Write out the lines of the material below exactly, beginning at the line with "Fekete dzseki (152) Ruhafalva" and stopping after the line with "Web Design &", and leave out the pictures.

● Material shown
____

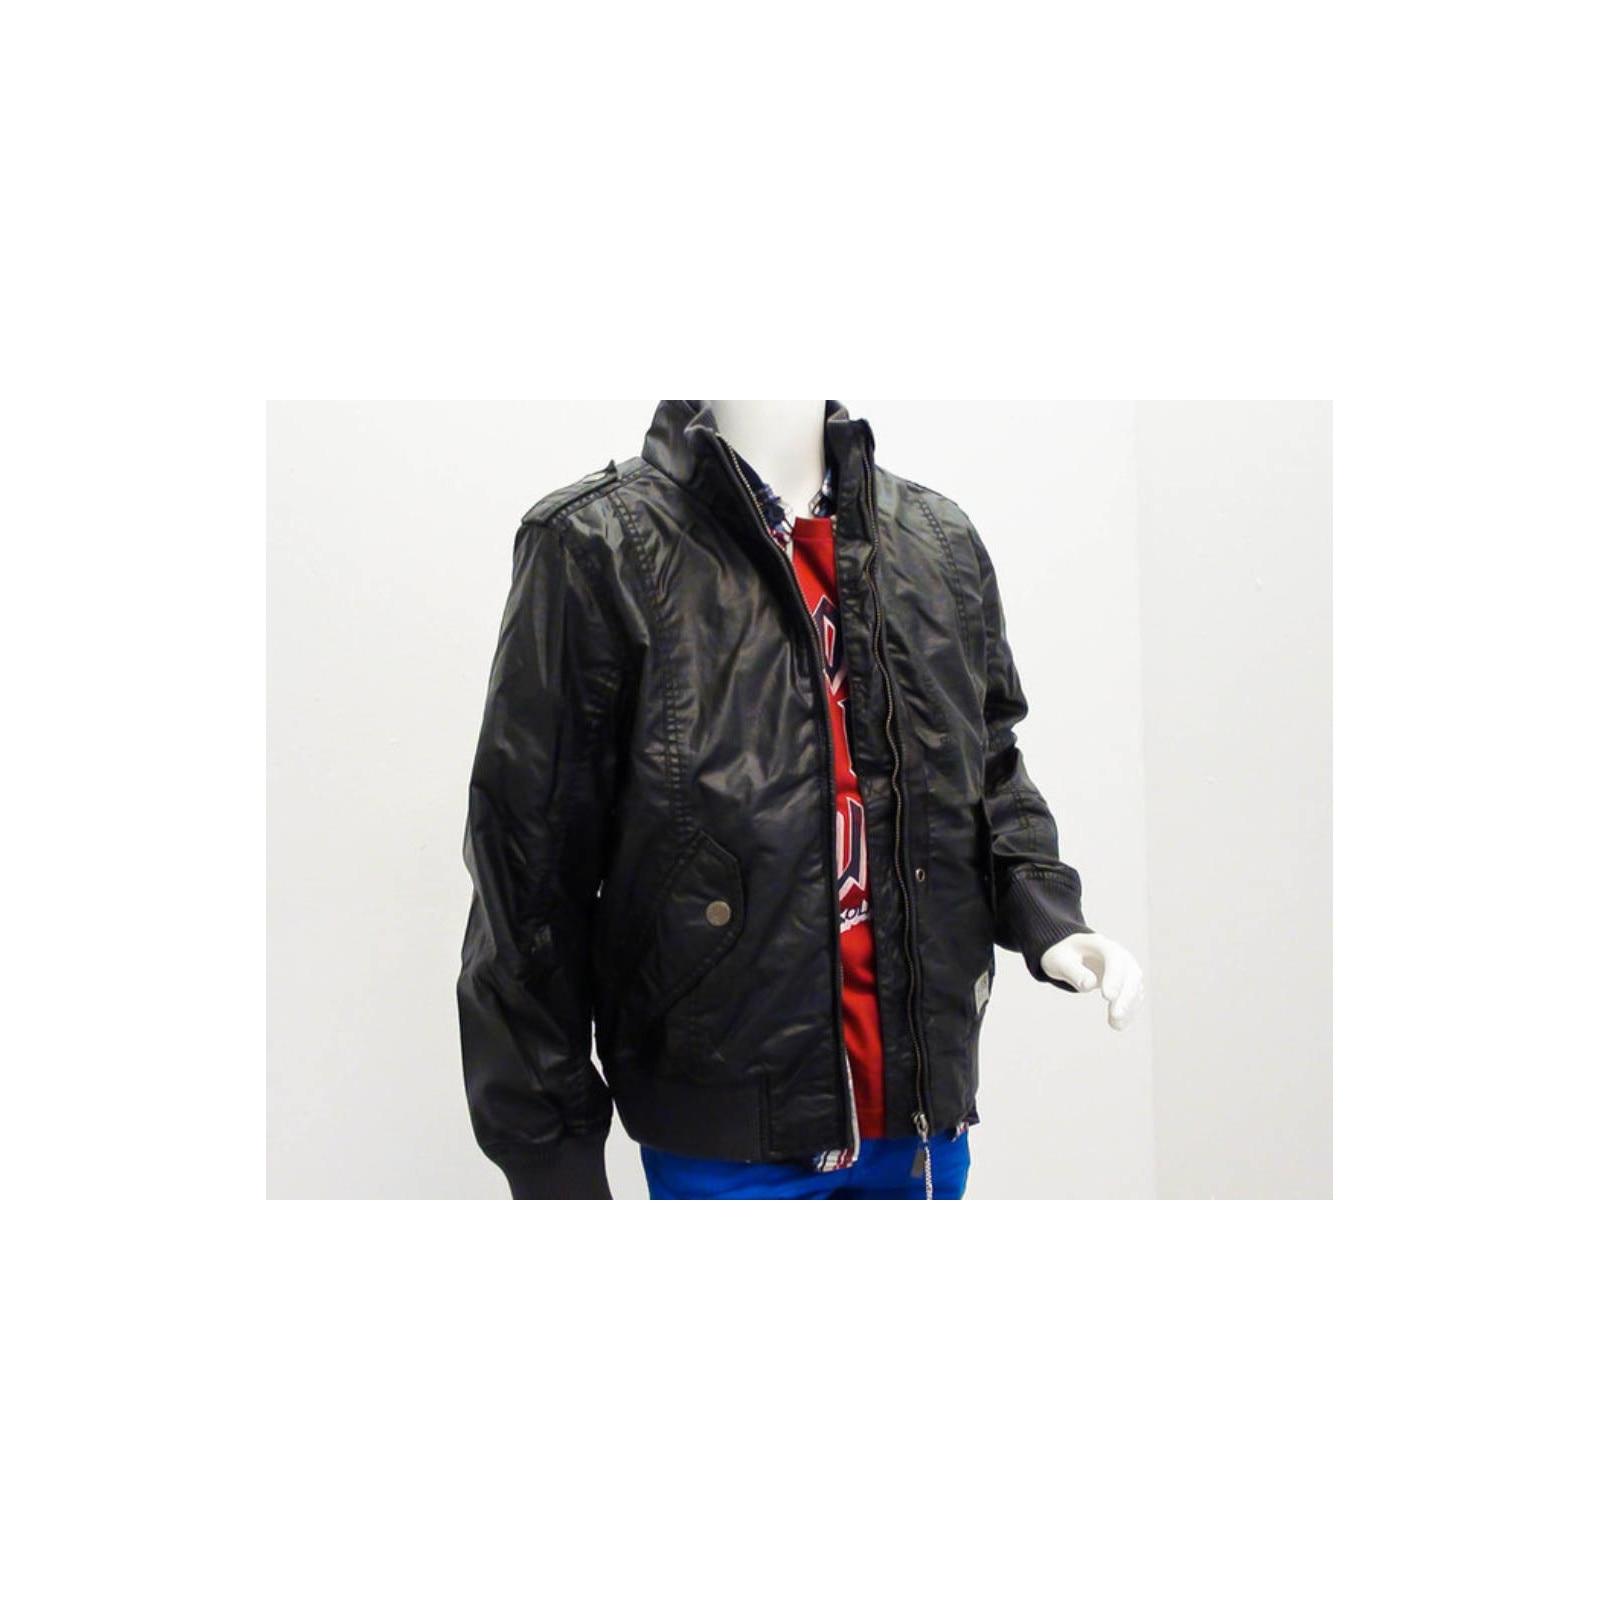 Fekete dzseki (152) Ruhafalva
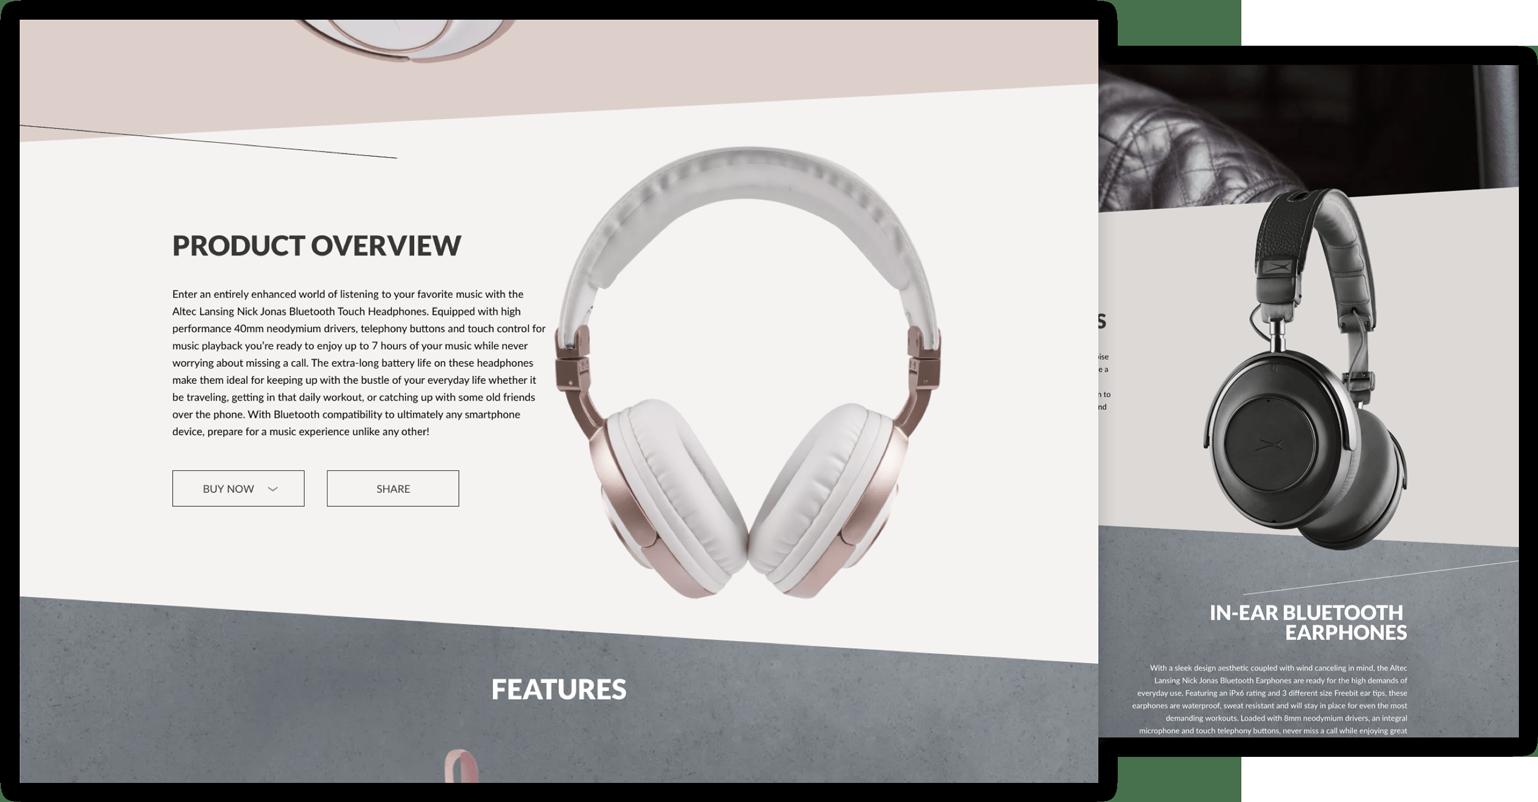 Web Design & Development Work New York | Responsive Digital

____

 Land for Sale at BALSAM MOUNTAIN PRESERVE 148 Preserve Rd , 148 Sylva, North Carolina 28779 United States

____

● Result below
 Fekete dzseki (152) Ruhafalva
 Web Design & Development Work New York | Responsive Digital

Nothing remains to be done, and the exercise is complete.